Practical case 1: deterioration of results after edits
In this case, the authors of a scientific article encountered a situation that clearly demonstrates the unreliability of AI detectors. The journal's initial review of the article showed a 28% probability of artificial intelligence use. The editors asked to reduce this figure to 20% and provided a detailed report in which specific text fragments were marked as ‘AI-like’.

The authors rewrote only those fragments that the detector identified as problematic, leaving the rest of the text untouched. However, after rechecking, the same journal provided a report with a result of 89%. In fact, the indicator increased more than threefold instead of the expected decrease.

This situation reveals one of the key problems with AI detectors: they do not have stable evaluation criteria and give unpredictable results even after corrections.
Practical case 2: different results for the same text
Even more telling is the case where the same version of an article, checked by the same system but in different journals, received significantly different results. In the first scientific publication, the system showed 49% use of artificial intelligence.

As for the second journal, after checking the article, it provided the author with a report indicating 62% AI usage.
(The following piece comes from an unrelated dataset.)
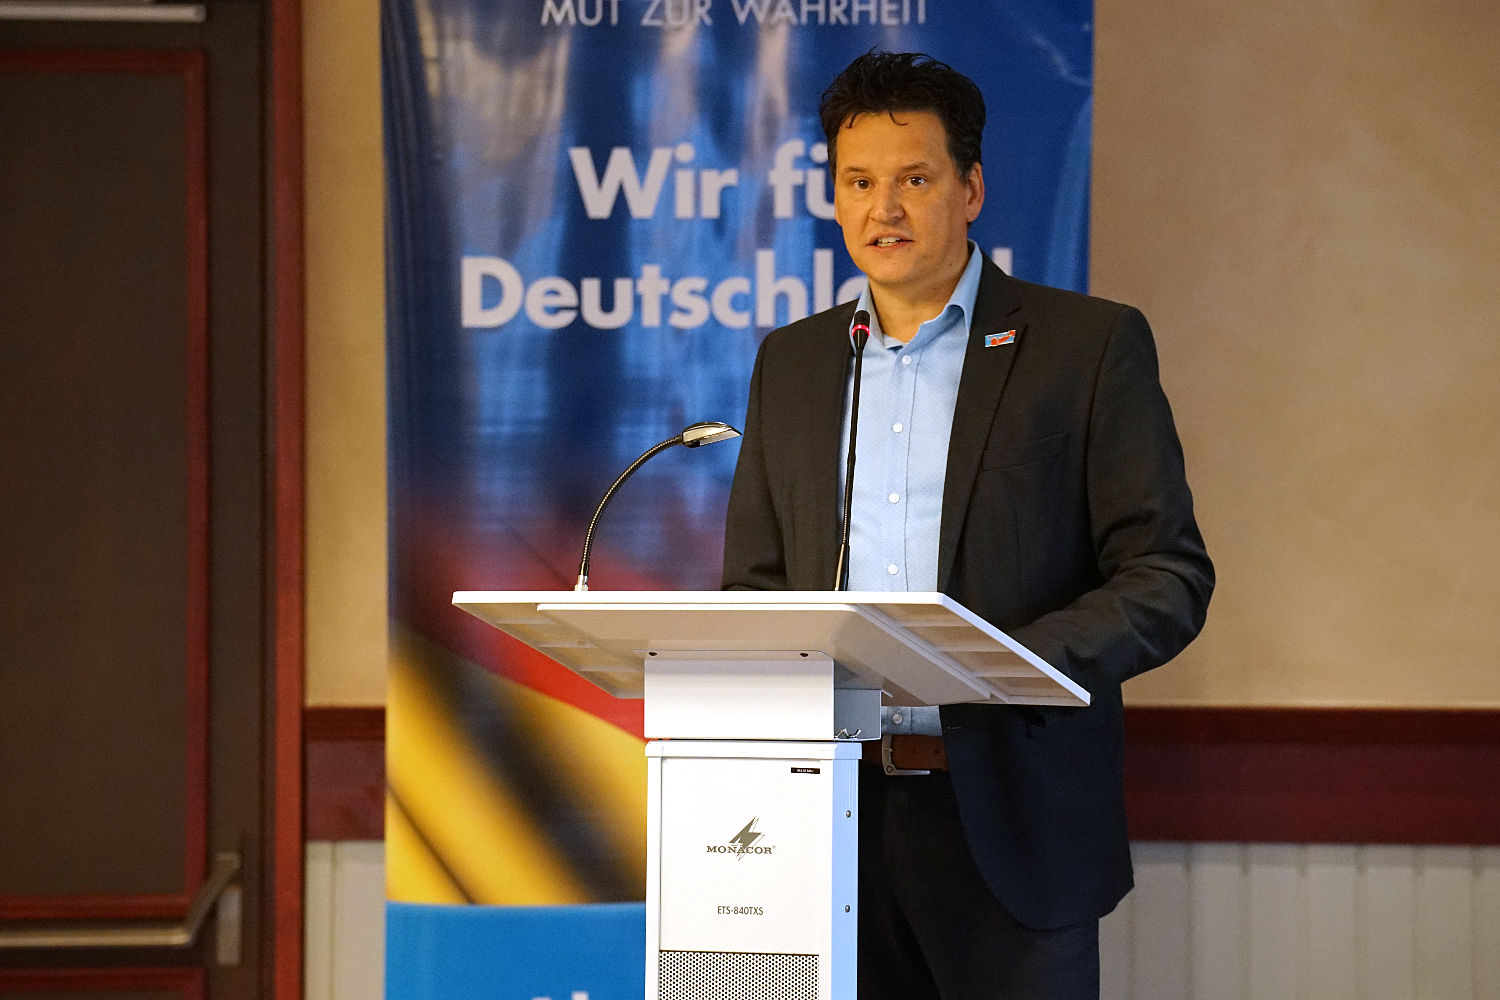 Timo Schmidt, Direktkandidat für den Bezirkstag

Such inconsistency in results indicates that detectors cannot provide a stable and accurate assessment, and their ability to determine whether artificial intelligence technologies were used in the writing process remains questionable.

Practical case 3: differences in the results of different programmes
It is worth noting that there is no universal programme that all scientific journals use. Each scientific publication independently selects tools to check articles for traces of artificial intelligence. It is this aspect that significantly affects the objectivity of the results.
For example, in this case, two different detectors were used to analyse one article: Turnitin and Pangram. The report provided by the first platform states that 45% of the text was generated by artificial intelligence.

As for Pangram, it determined that the article was 75% the result of AI. As we can see, the difference between the results obtained is enormous.

This situation clearly demonstrates that each text verification tool has its own algorithms, criteria, and approaches to recognising generated content. The lack of uniform detection standards means that the fate of a scientific article may depend not on its actual quality and originality, but on which programme a particular journal has chosen.
Should AI detection tools be trusted?
The examples given and the shortcomings mentioned above show that modern artificial intelligence detectors have significant limitations and inaccuracies that call into question their reliability as the sole criterion for evaluation. They can produce unpredictable results, do not always take into account the context of technology use, and sometimes mistakenly identify well-written academic texts as AI-generated. When the same text receives different ratings in different checks, and attempts to correct the marked fragments lead to unexpected results, it becomes clear that these tools have not yet reached the required level of accuracy.
Therefore, using them as the main or sole criterion when making decisions about publication is risky. Even the developers of these systems themselves note that their programmes are not perfect and can make mistakes, and that the result of the check is only a probabilistic assumption about the origin of the text, not definitive proof.
First and foremost, the academic community must develop transparent policies on the ethical use of AI, focusing on the assessment of the author's originality, methodology and scientific contribution. Only such an approach will preserve academic integrity while adapting to the rapid development of modern technologies.